DATA SECTION ::
-.-.-
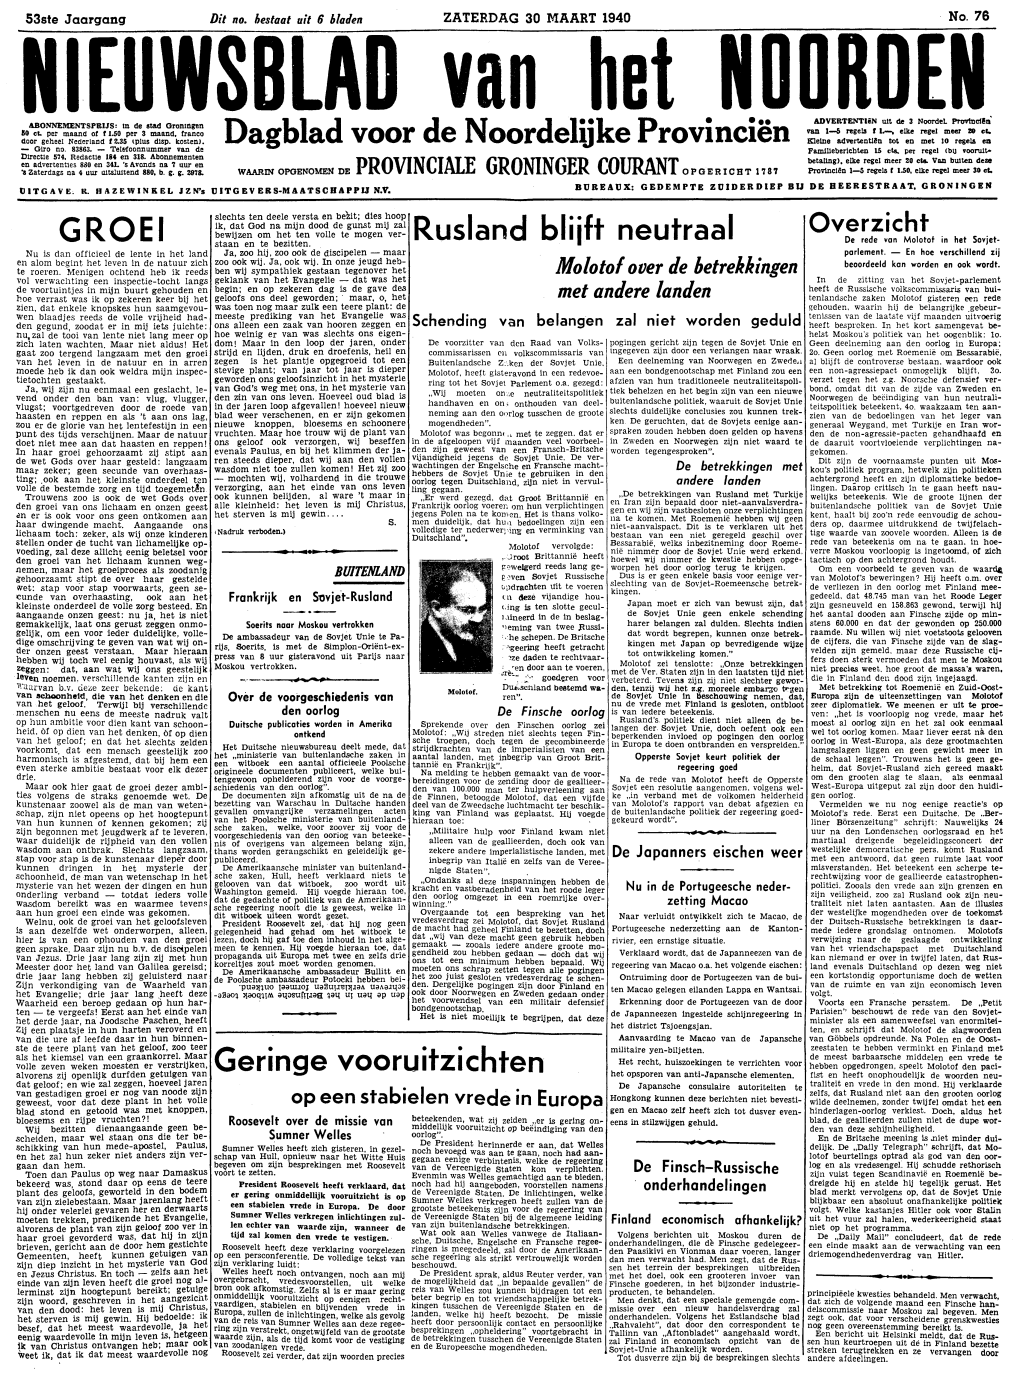 Nieuwsblad Van Het Noorden Van Zaterdag 30 Maart 1940 Eerste Blad
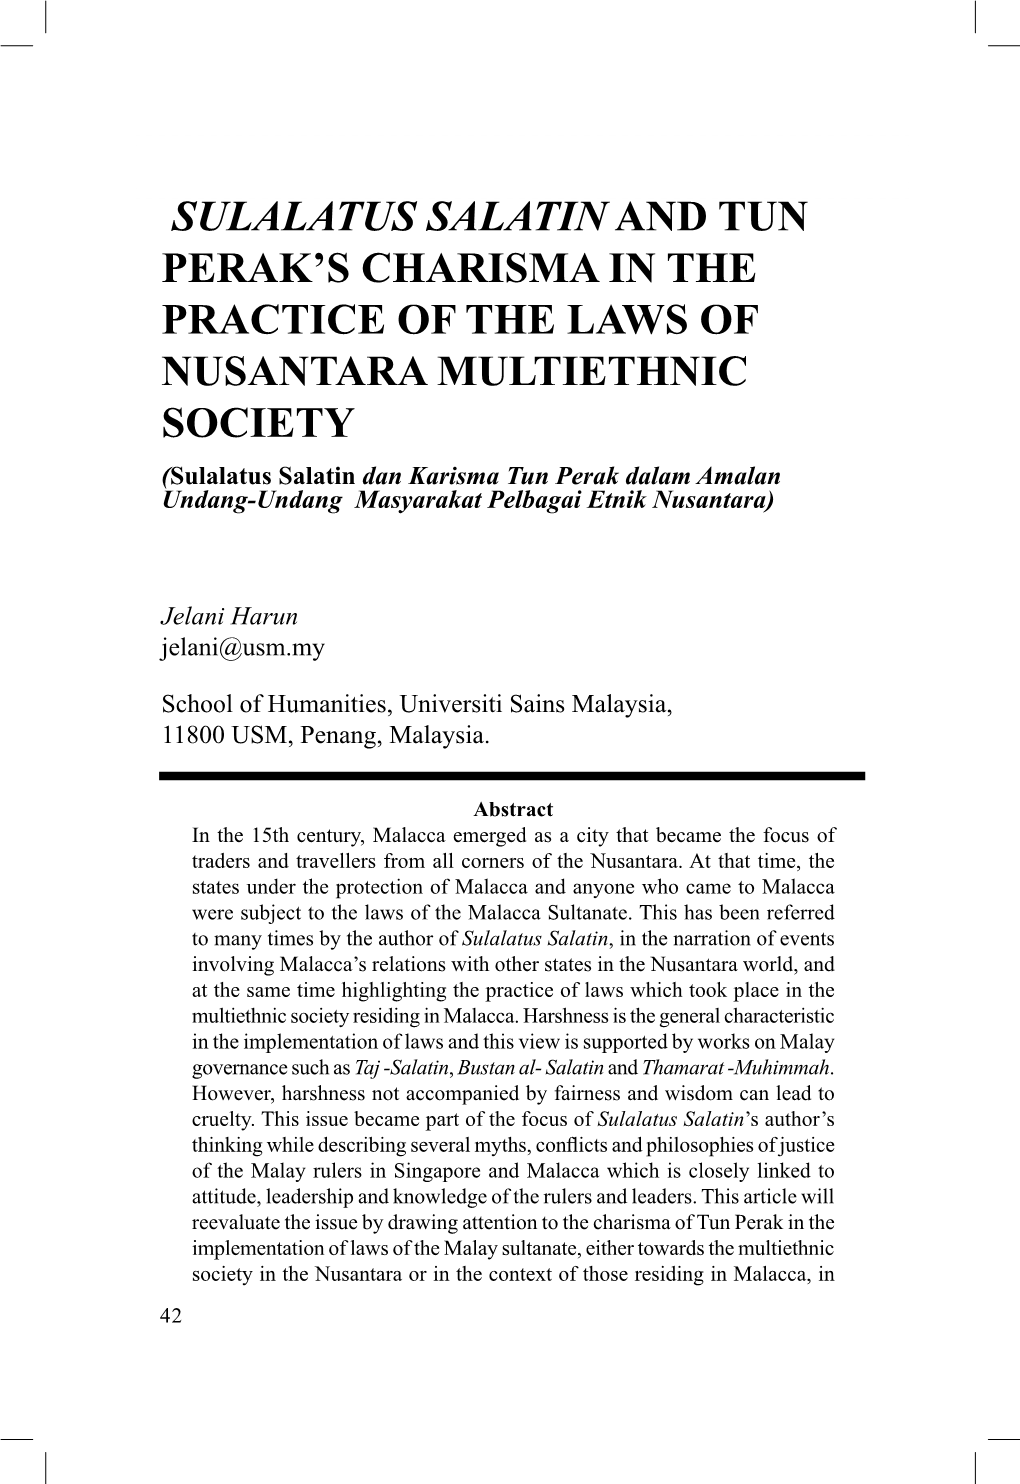 Sulalatus Salatin and Tun Perak's Charisma in The
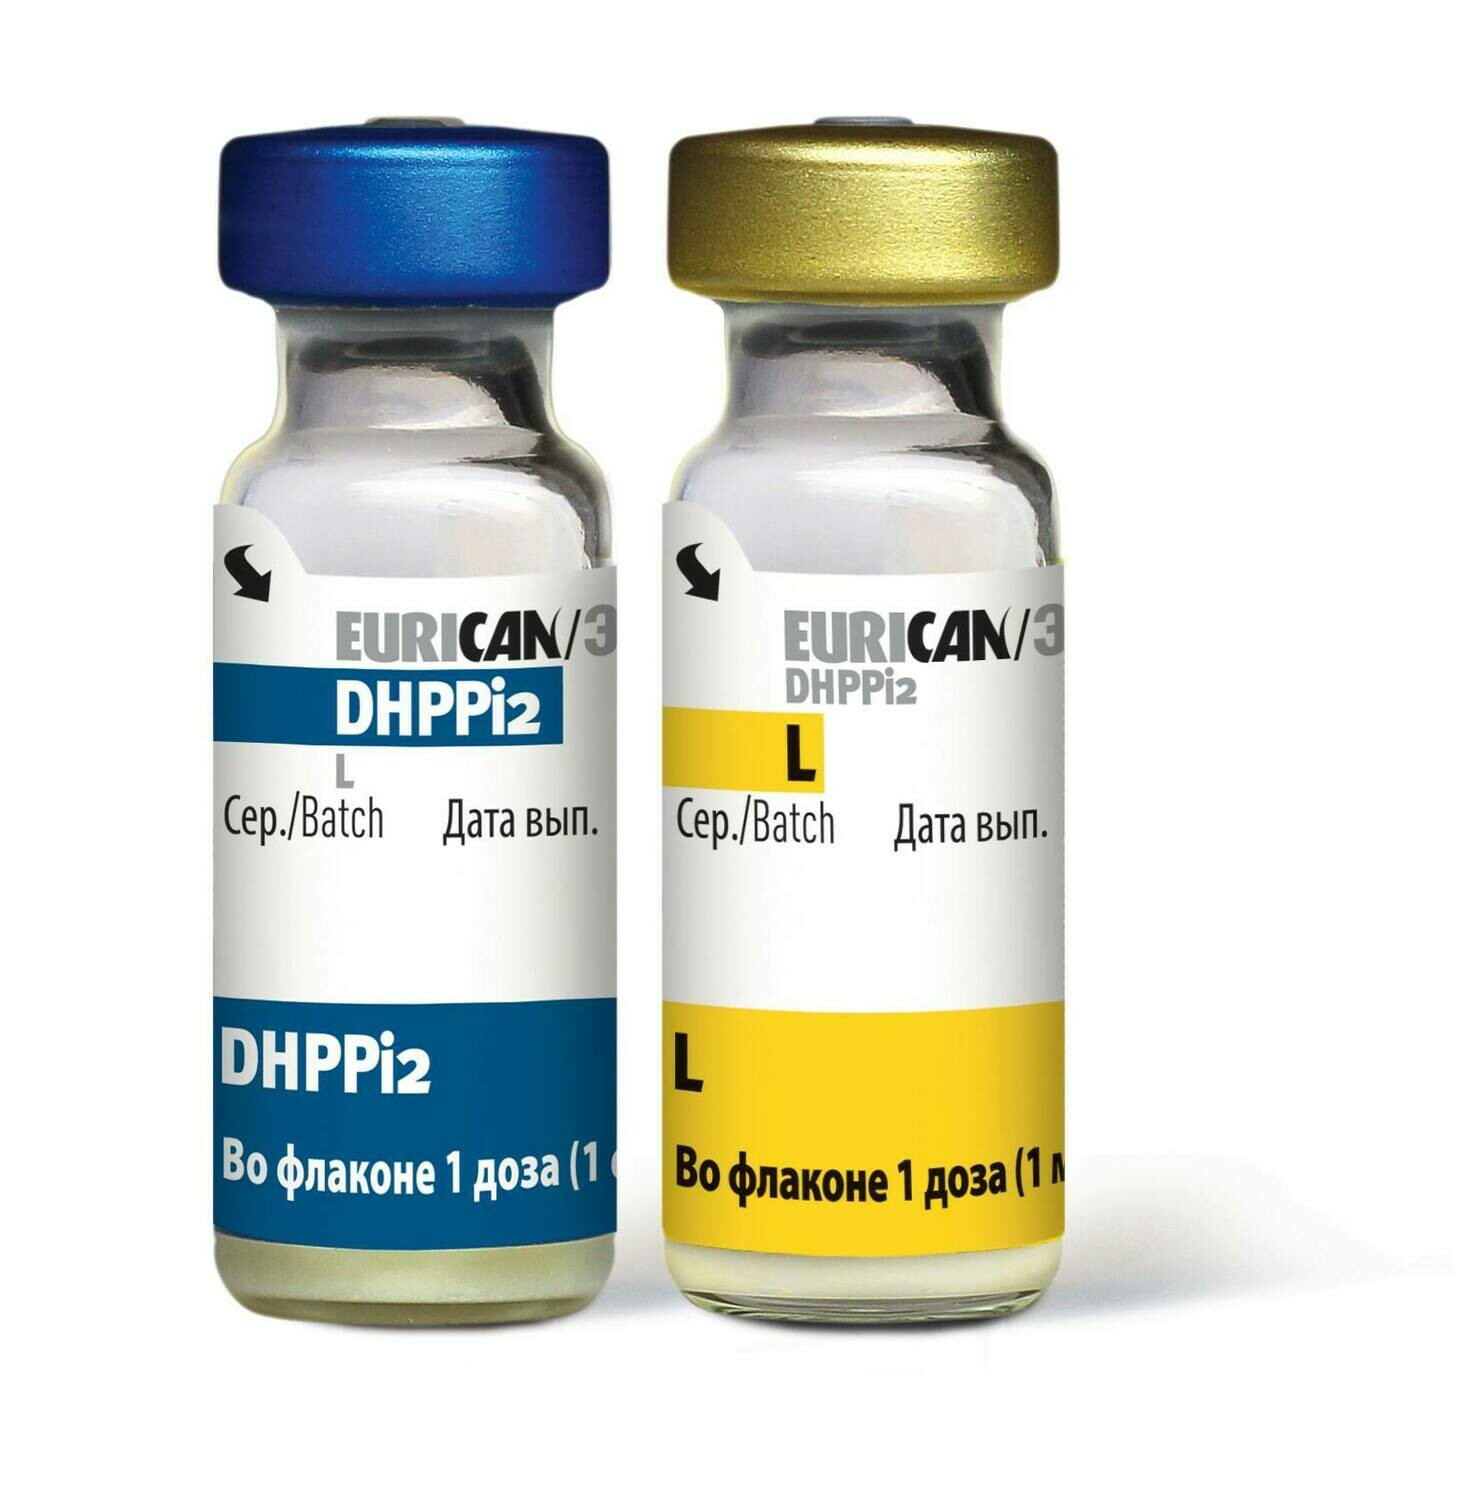 Импортные вакцины для собак. Эурикан dhppi2 вакцина для собак. Эурикан для собак dhppi2. Eurican dhppi2 производитель. Вакцина Эурикан dhppi2-LR.
-.-.-
HOW TO COMPLETE THIS TASK :: Write out the data above in full and exactly, but not the pictures.

EXERCISE ANSWER ::
 Nieuwsblad Van Het Noorden Van Zaterdag 30 Maart 1940 Eerste Blad
 Sulalatus Salatin and Tun Perak's Charisma in The
 Импортные вакцины для собак. Эурикан dhppi2 вакцина для собак. Эурикан для собак dhppi2. Eurican dhppi2 производитель. Вакцина Эурикан dhppi2-LR.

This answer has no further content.